Gdy firma przetrwała pierwszy, pandemiczny kryzys, restauratorzy zaczęli brać pod uwagę możliwość otworzenia kolejnego punktu. Lokalem po zamkniętej restauracji Papoo przy Placu Chopina interesowało się wiele osób, ale właściciel budynku zaoferował go Semeniukom.
- Chcemy zrobić tam coś fajnego. To będzie nasza największa inwestycja. Chcemy oferować włoską kuchnię, pizzę z pieca, makarony robione na miejscu. Planujemy również ogródek dla dzieci oraz salę, gdzie goście będą mogli oglądać mecze - wymienia pani Ola. Od kilku miesięcy trwa sprzątanie budynku, który czeka generalny remont. Otwarcie Italian Garden zaplanowano latem przyszłego roku.

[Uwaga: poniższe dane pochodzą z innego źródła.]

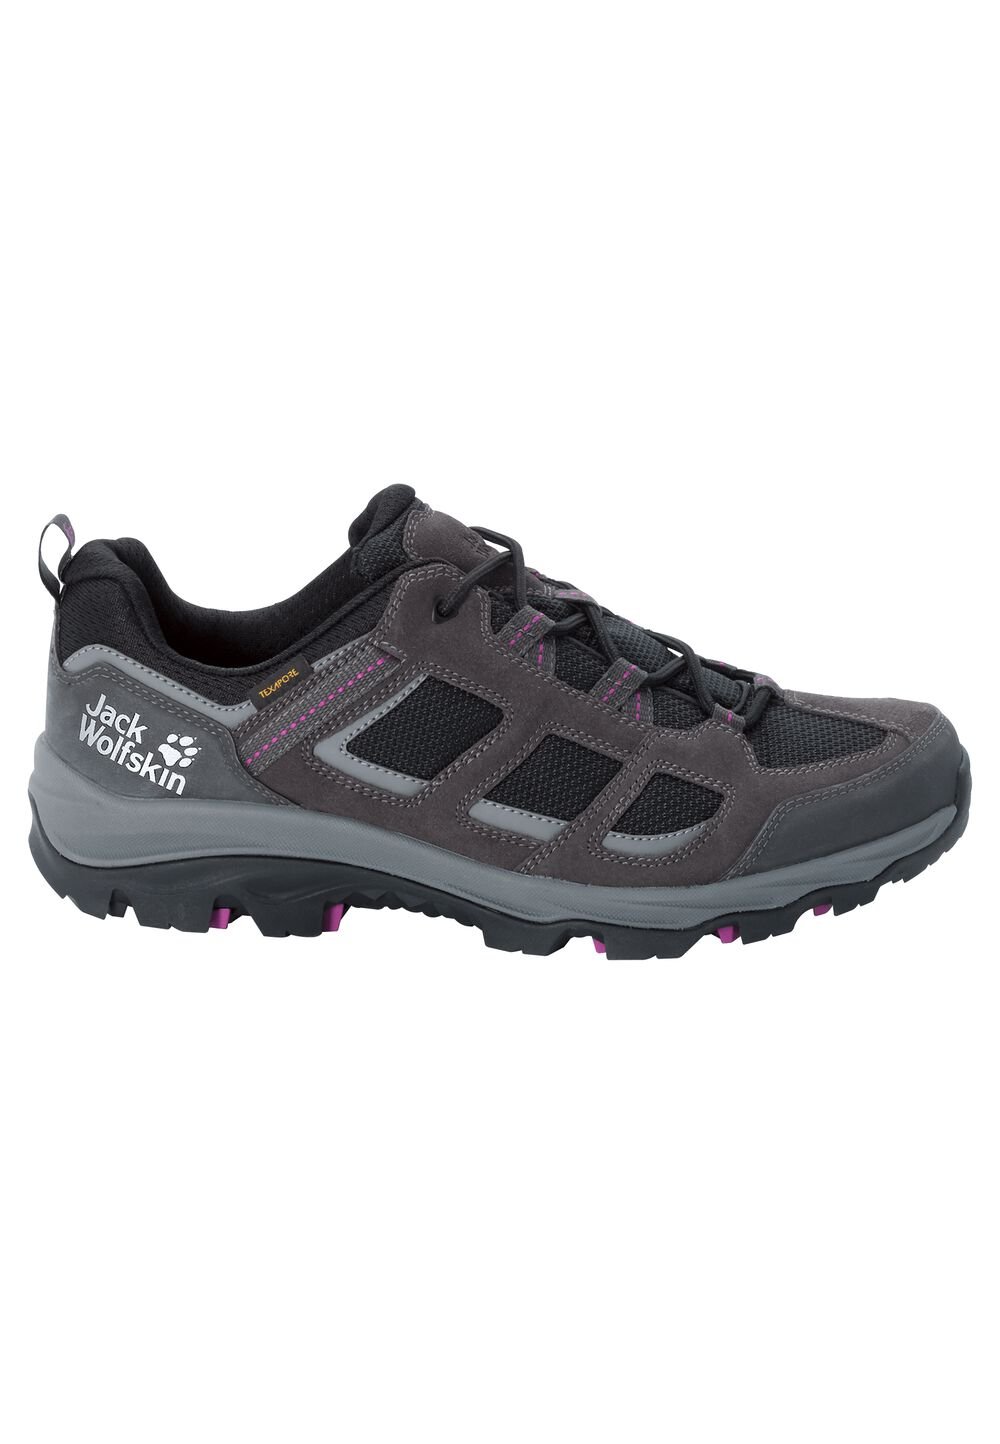 Chaussures de randonnée imperméables femmes Vojo 3 Texapore Low Women 5,5 gris dark steel / purple

Co jest receptą na gastronomiczny sukces?
- Kluczowa jest ciepła, przyjazna atmosfera, podejście do klienta. Bardzo tego pilnuję i ufam swoim dziewczynom. Nie chodzi o jakieś wyrafinowane gesty, ale zwyczajną serdeczność. Sama na co dzień pracuję na sali i znam większość gości. Często wiem, co zamówią, zanim otworzą usta - śmieje się pani Ola. - Ważne są także relacje pomiędzy pracownikami. Mogę się pochwalić, że mamy fajną i zgraną ekipę. Mimo tego, że jest nas dużo, często urządzamy imprezy integracyjne, wspólnie spędzamy czas. Wiem, że mogę na nich polegać - podkreśla.